Private Equity Ownership – the Common Denominator for Retailer CVAs / Administrations
Private Equity = Retailer Peril
4 minutes to read
The relationship between private equity and retailer distress, the collapse of East, trading updates from H&M, ScS and Joules.
- H&M announced a 32% drop in net profit for its global operations in its fourth quarter. Sales in Q4 also declined by 4% to SEK 108.1 billion, although for the year as a whole group turnover grew by 4% to SEK 232 billion. The business admitted it had not done enough to develop its multi-channel proposition. Globally, the company plans to close 170 underperforming stores, but will open around 390 new ones - around a quarter of which will be H&M’s other brands, such as COS, Monki and Afound.
- Much better figures from Joules. The lifestyle retailer reported group revenue of £96.2 million (+18.2%) for the 26 weeks ended 26 Nov 2017. Retail revenue increased by 16.2%, with online sales up 19.7% and store sales up 14.2%. Joules’ statutory profit before tax rose by 22.8% to £8.3 million and the business also upgraded its full year profit expectations.
- Some comfort at the big-ticket end of the market after Carpetright’s post Xmas profit warning. Upholstery and carpet retailer ScS reported a 2.2% increase in like-for-like orders for the 26 weeks ended 27 Jan. On a two-year basis, like-for-likes grew by 5.3%. But the company’s House of Fraser concessions, which represent 7.4% of group order intake, saw like-for-like orders decline by 0.4%.
Stephen Springham, Head of Retail Research:
“Private equity has no place in retail. Discuss”. My favourite, if slightly loaded, exam question…
A couple of wobbles over Christmas has sparked the inevitable, but frankly depressing, panic over which retailers are about to go bust.
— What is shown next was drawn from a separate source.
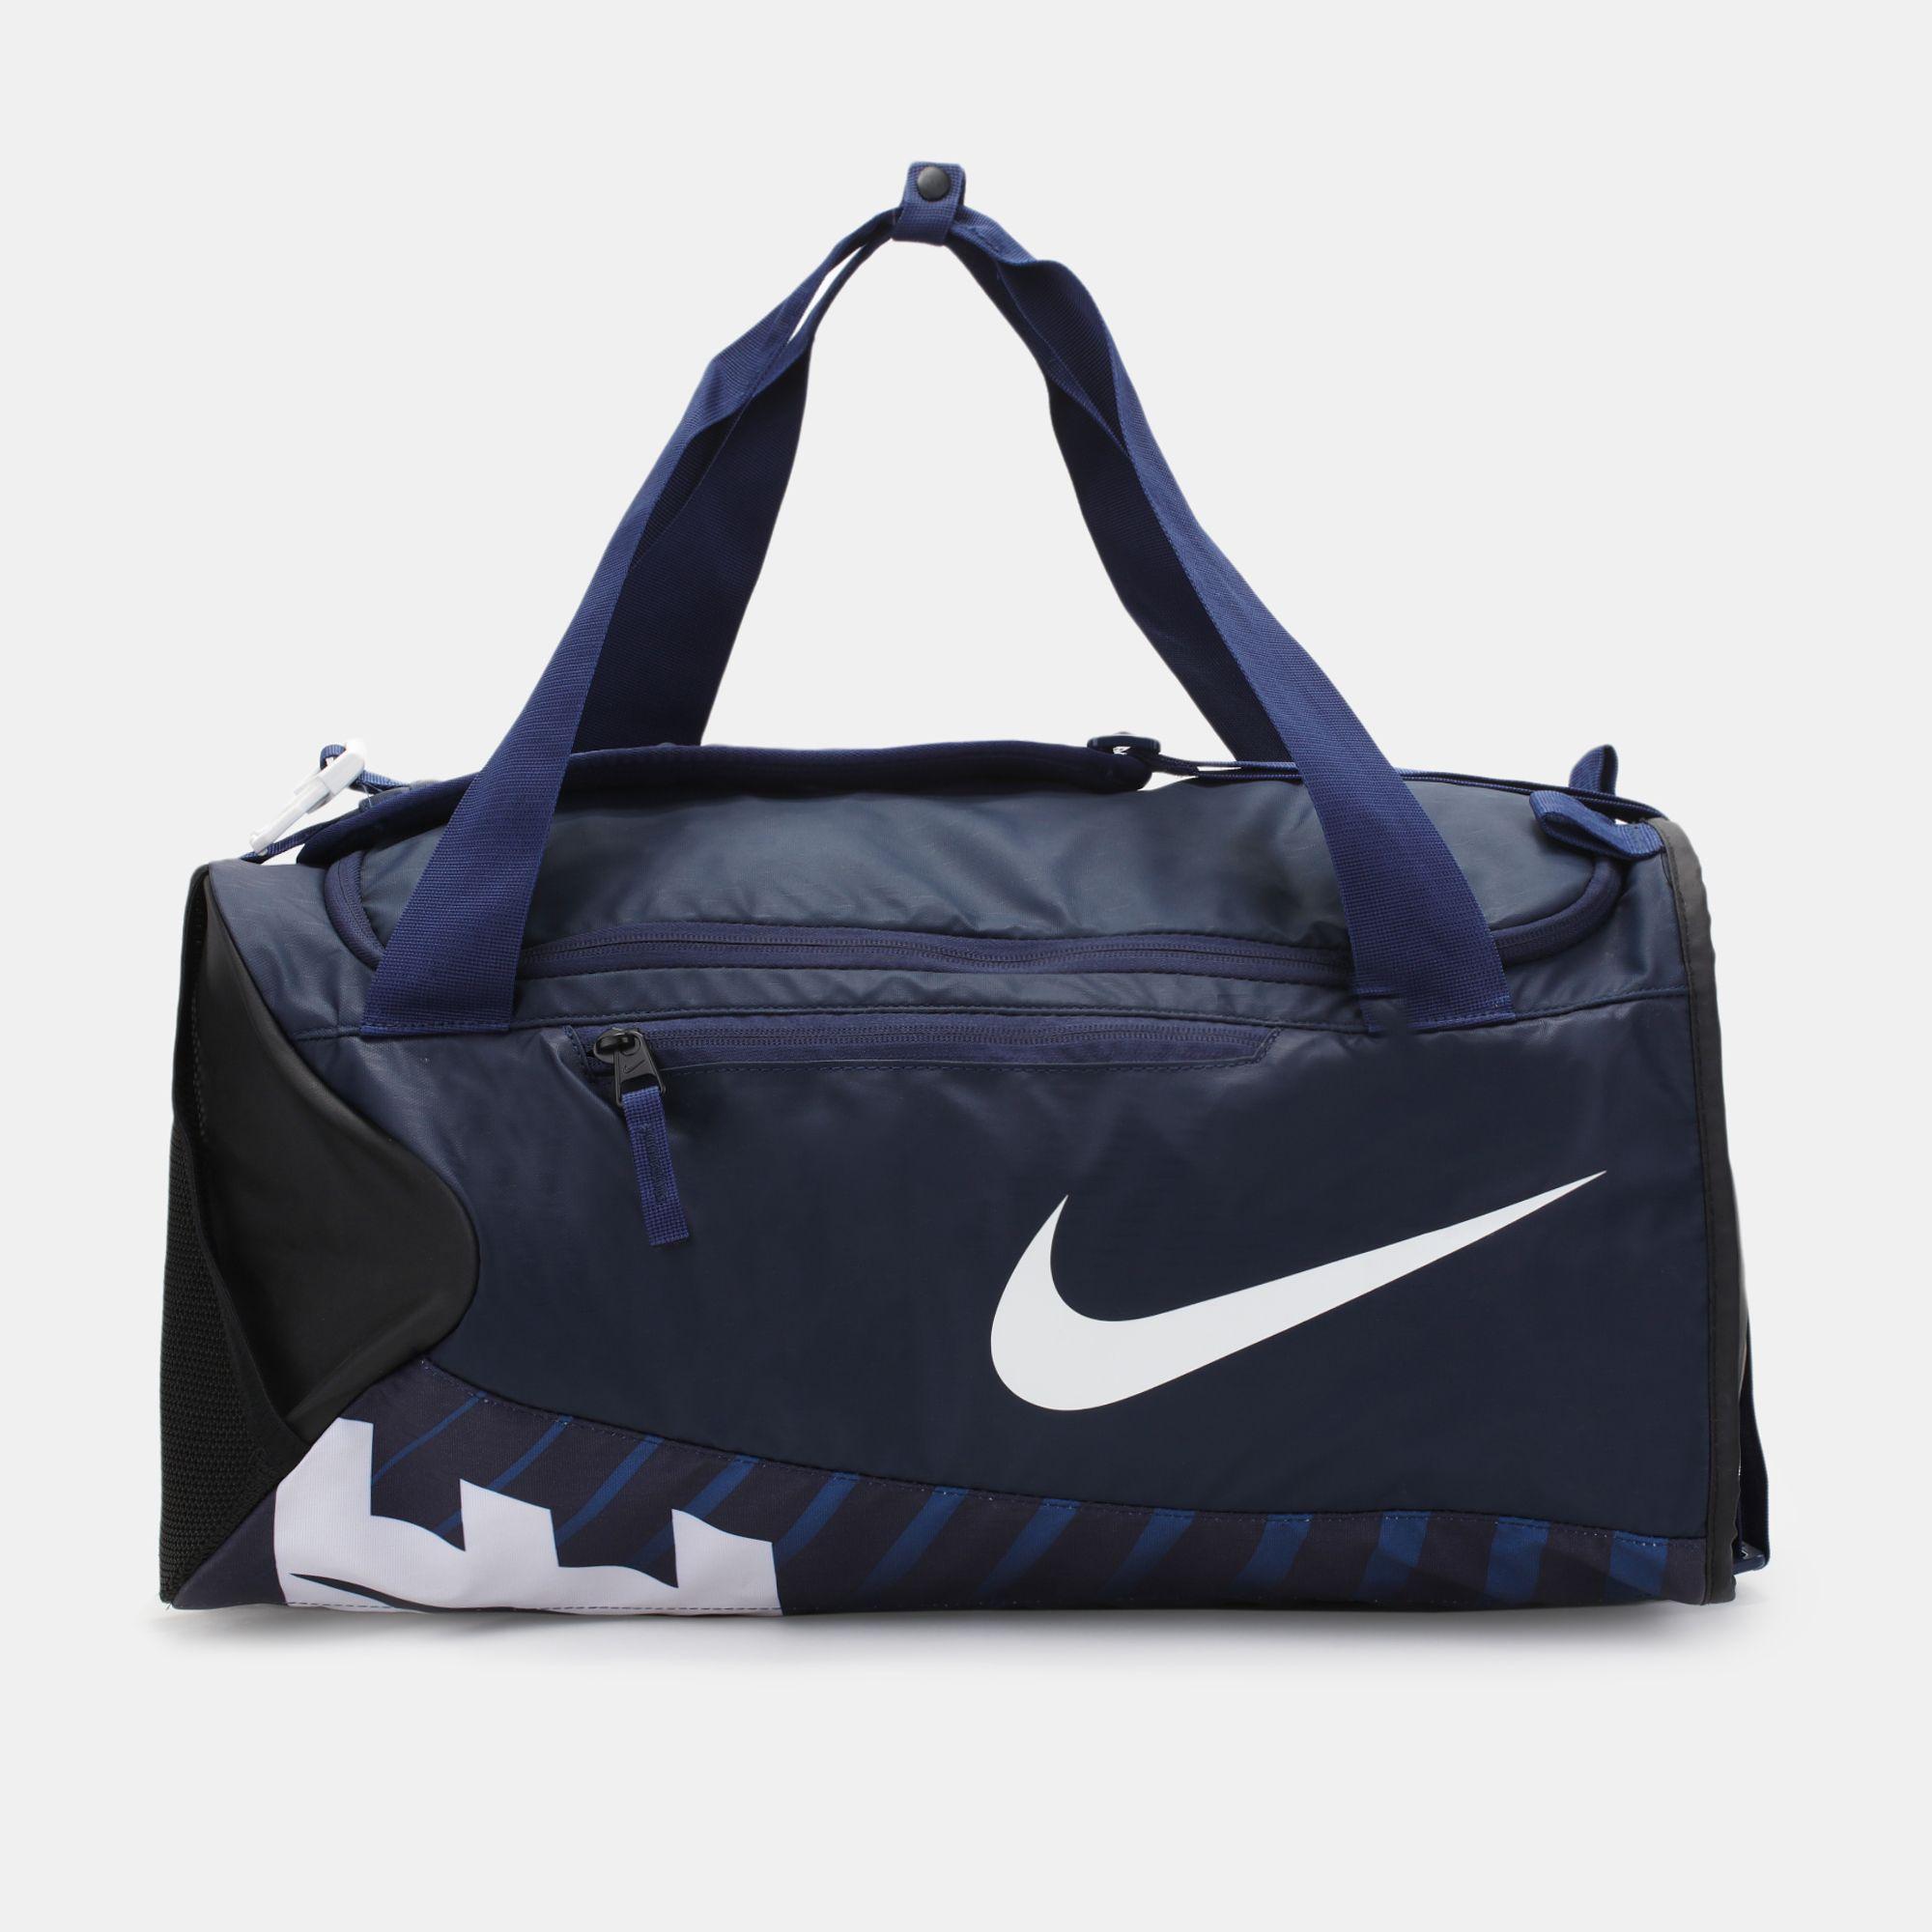 4930b2ce3c91f3 Shop Blue Nike Alpha Adapt Cross Body Duffel Bag for Mens by Please ...

As the property industry nervously draws up its ‘watch list’, we have already had our first high street casualty of the year in the shape of fashion retailer East, which has slipped into administration for the second time since 2015. The fate of its 34 stores,15 concessions and 314 workforce are now in the hands of administrator FRP Advisory.
When a retail business fails, more naïve retail commentators than myself always say (with retrospective wisdom) what a bad business it was and how its demise was inevitable. Others may fall back on lazy generic chestnuts such as weak consumer demand and the rise of online. There also seems to be a curious perception that a retailer can have one bad Christmas and then go bust. The issue runs far deeper than any of these, but invariably circles back to two inter-related fundamentals – debt and ownership (current or past).
East perfectly encapsulates this. The business blamed its collapse on the fact that shoppers were ‘reining in spending’ and that ‘high street footfall had plummeted’. But according to the ONS, retail spend in specialist fashion stores grew by a very healthy 4.4% in Q4 – in fact, East itself posted a 6.5% uplift in like-for-like sales over Christmas. Clearly, the trading story is not the full story.
East is private equity owned. As were the majority of retailers that went into administration or bust over the last decade, from BHS to Comet to MFI. And as are most of the other retailers (and F&B operators) currently on the ‘watch list’. New Look, House of Fraser, Maplin, Byron Burgers and Jamie’s Italian have a very telling common denominator of private equity ownership. Debenhams (which I believe has no place on the ‘watch list’, but seems to be there anyway) apparently bucks this trend as it is publicly listed. However, many forget that the liabilities that currently weigh heavily on its balance sheet were the result of private equity ownership between 2003 and 2006 and a debt-backed period of aggressive store expansion.
Of course, it would be wrong to tar all private equity with the same brush – some private equity owners are clearly more forward-looking and visionary than others. But in my opinion, the ‘traditional’ private equity model has no place in retail. Retailers may seem attractive to investors in that they are cash-generative, but they also are capital intensive (or rather, they should be if they are run properly). The notions of hefty financial leveraging, extracting cash, asset stripping and flipping may have worked (or seemed to have worked) in the so-called ‘good times’, but have no place now and are increasingly coming home to roost.
As I’ve said before. Retailers need to be run as retailers, by retailers, not as cash cows by financiers.